При этих словах она чувствует себя сильнее. Достаточно сильной, чтобы открыть глаза.
– Теперь, – говорит он, – твоя очередь. Расскажи мне, что ты видишь. – Она смеется в ответ. – Ладно, как скажешь, так и будет.
– Хорошо. Правда, хорошо. – Она протягивает руку и дотрагивается до него. На нем такая же футболка, что и на ее теле, в постели Льюиса. – Она у меня все еще хранится, эта футболка. Ты любил носить ее.
Эта футболка с фестиваля, на который они ездили летом, после окончания школы; кто на ней изображен, разобрать уже нельзя, рисунок выцвел почти до невидимости; хлопчатая ткань стиралась так много раз, что совсем вытерлась, и, когда ее надеваешь, кажется, будто на тебе ничего нет. Теперь дождь барабанит по крыше их фестивального шатра; сквозь рубашку она чувствует каждую частичку его.

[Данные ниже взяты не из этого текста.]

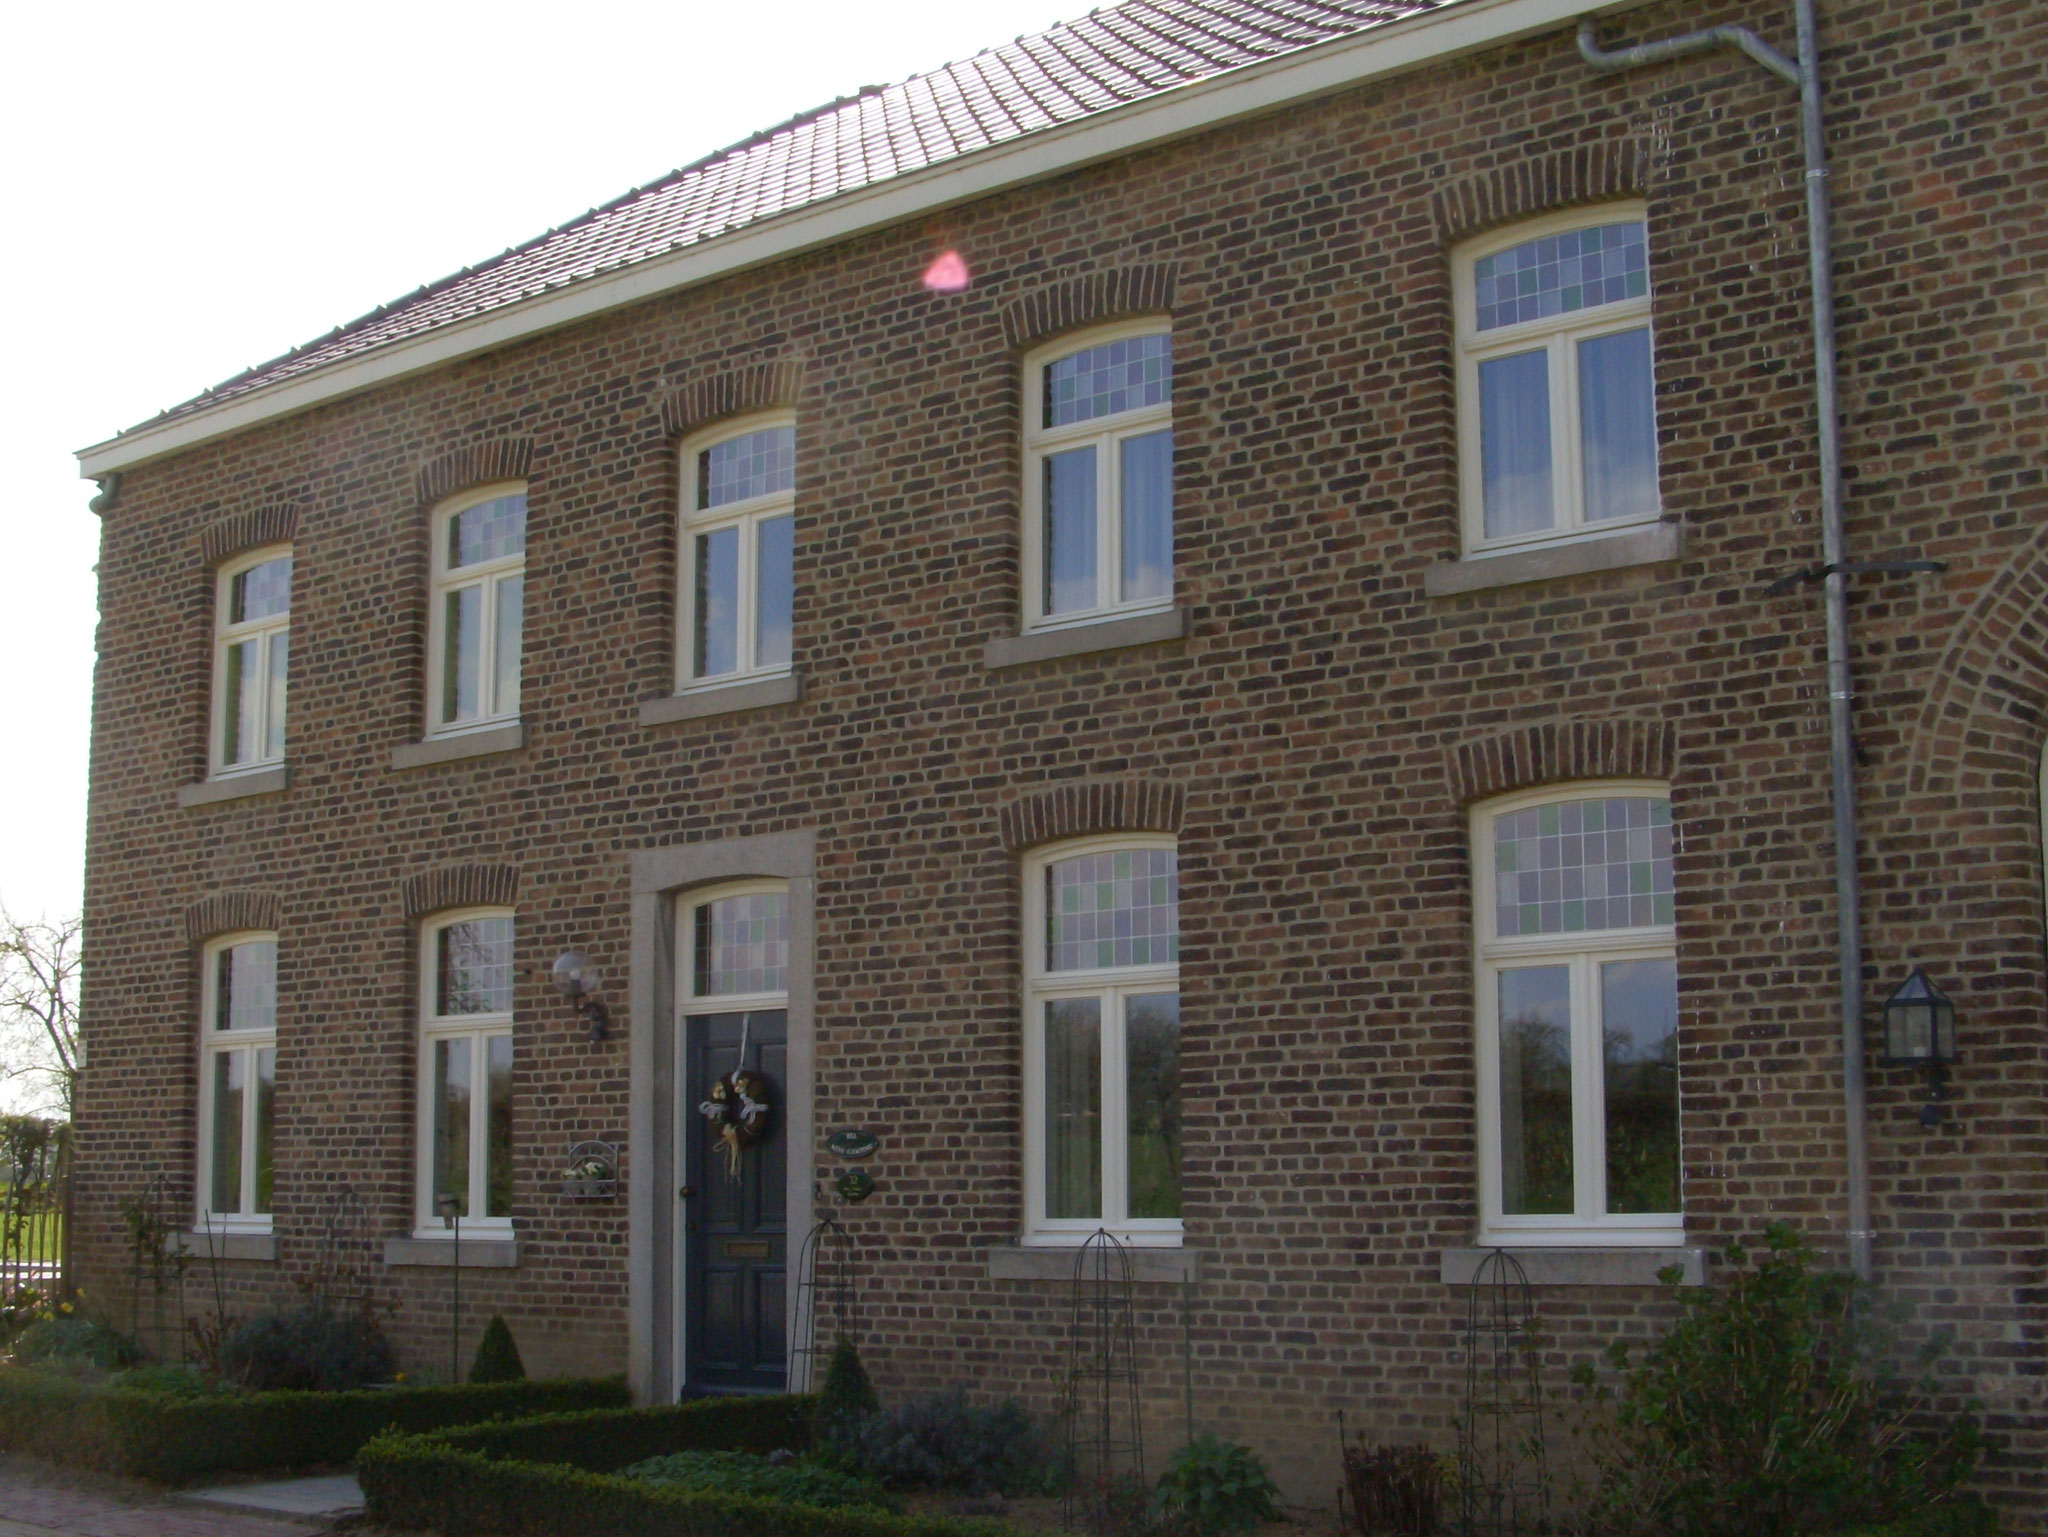 houten ramen en voordeur in Moerslag

Выступ его плеча. Жесткий изгиб мышц его руки, на уровне груди. Бугорок его соска, ритм его ребер, диафрагмы. Стараясь не думать о том, что в бодрствующем мире все это потеряно, она кладет руку ему на грудь, чувствуя себя все ближе к его коже: только мягкое знакомое скольжение ткани разделяет их. Его сердце бьется сильно и ровно, прямо в ее ладонь.
– Это ты, – шепчет она.
Они вместе, одно целое. Футболка, платье… вся одежда не имеет значения. Тепло и свет пульсируют от того места, где он заперт внутри нее. Его запах наполняет ее, небесно-голубой над теплой золотистой кожей. Она вдыхает глубже, глубже, вдыхает такой родной запах. Его подбородок касается ее головы, ее лицо прижато к его шее, но вот она отстраняется, чтобы увидеть их. Детеныши обезьян, прижавшиеся друг к другу.
– Мы так и останемся? Останемся здесь?
Ее «да» обрушивается на них обоих: нет нужды говорить об этом.
– Только, – говорит она, – не знаю, сколько времени осталось. Теперь я не могу уходить из реального мира, как раньше. Наверное, не смогу, как раньше…
– Реальный мир… Почему ты так называешь его?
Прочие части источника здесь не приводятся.